# My adult H.spinosa,



## Benjamin (Apr 3, 2012)

They have started feeding again after their dormant period. Not the most outgoing turtle.


----------



## tortadise (Apr 3, 2012)

Awesome. I have a pair of them there cool. Have you gotten eggs yet? I can't find any incubation techniques on their eggs.


----------



## Benjamin (Apr 3, 2012)

tortadise said:


> Awesome. I have a pair of them there cool. Have you gotten eggs yet? I can't find any incubation techniques on their eggs.


 I have gotten several eggs from them over the years. From what I have heard in recent times incubation is nothing to difficult.
I am going to incubate any eggs at room temperature. It works for geoemyda, cuora, clemmys, and indotestudo. It appears to be working for kinixys as well.


----------



## tortadise (Apr 3, 2012)

I've never had any hatch yet but I might try that. Or just leave them in the greenhouse when she lays next time. Hopefully it will work.


----------



## Benjamin (Apr 3, 2012)

tortadise said:


> I've never had any hatch yet but I might try that. Or just leave them in the greenhouse when she lays next time. Hopefully it will work.
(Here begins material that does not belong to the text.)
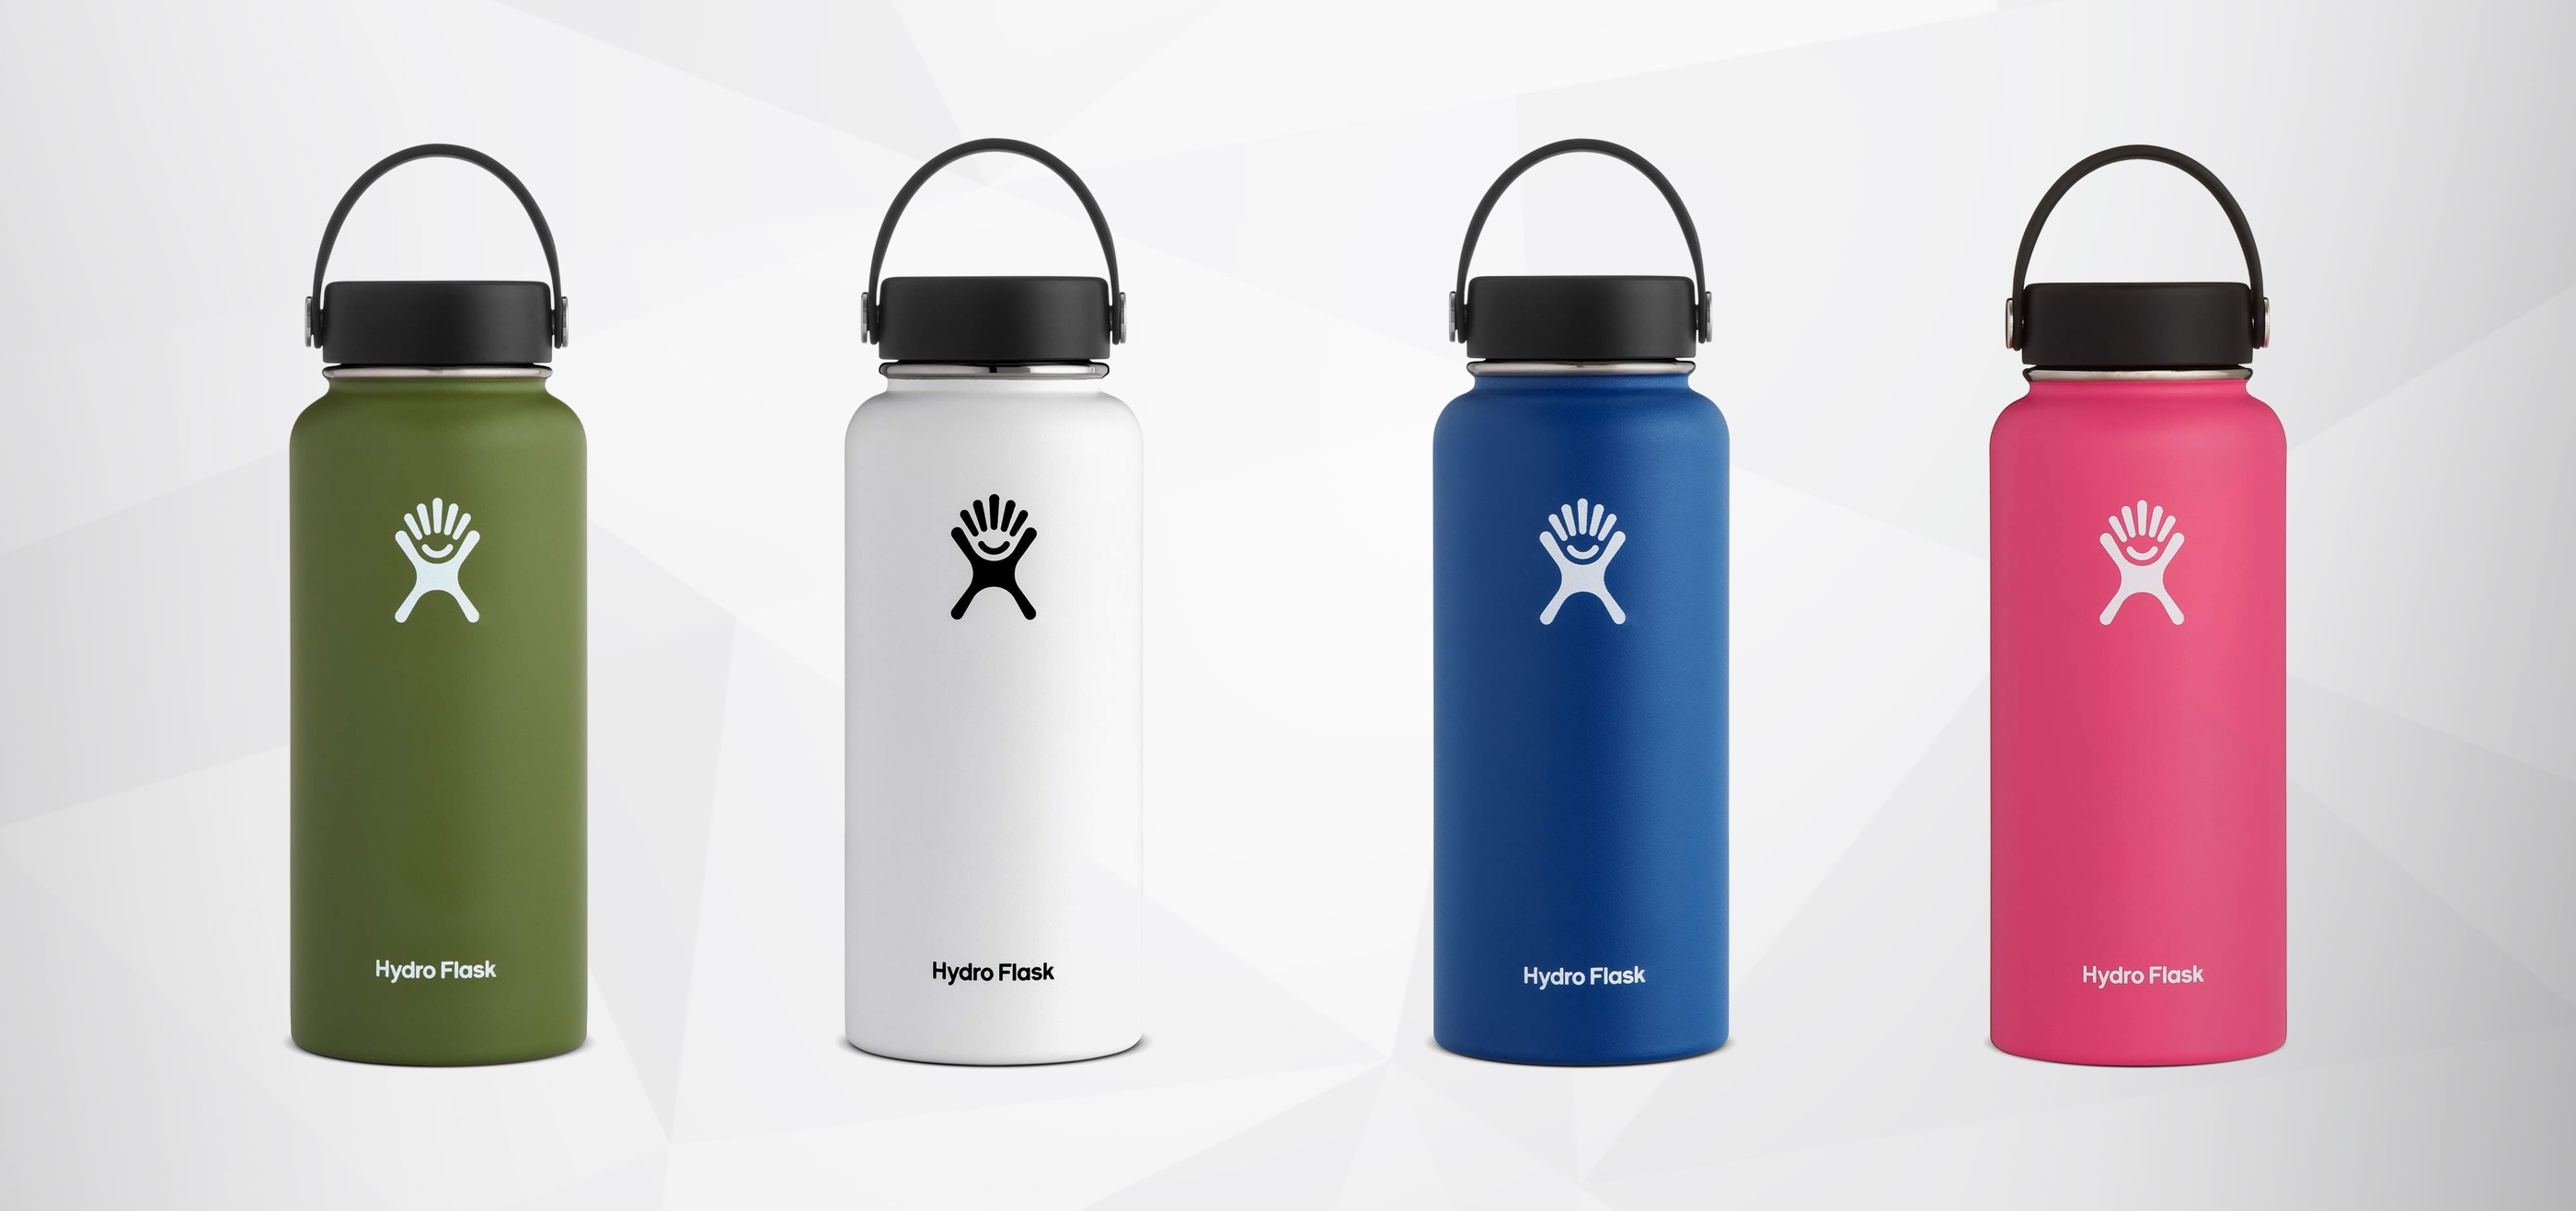 Hydroflask Gifts for Rock Climbers

 Good luck. How often do you gets egg(s)?


----------



## tortadise (Apr 3, 2012)

I've had my pair for 4 years now gotten eggs twice. Every other year. I only got 2 each time.


----------



## ALDABRAMAN (Apr 3, 2012)




----------



## l0velesly (Apr 4, 2012)

Nice looking plastrons!!


----------



## Yvonne G (Apr 4, 2012)

From the odd little snippets here and there we've seen of your animals, you seem to have a very interesting and diverse collection. Very interesting. Makes me want to see more. MORE!!


----------



## Benjamin (Apr 4, 2012)

emysemys said:


> From the odd little snippets here and there we've seen of your animals, you seem to have a very interesting and diverse collection. Very interesting. Makes me want to see more. MORE!!


 Thank you. I have under 20 species, perhaps about 100 animals. I am certainly at my limits. Started a manouria photo shoot last night.


----------



## Yvonne G (Apr 4, 2012)

I have 15 species and about 100 animals too. I don't have any more room to diversify, so I'm staying with what I have. But there are so many, many that I'd really like to have!


----------



## Tom O. (Apr 4, 2012)

Nice turtles!


----------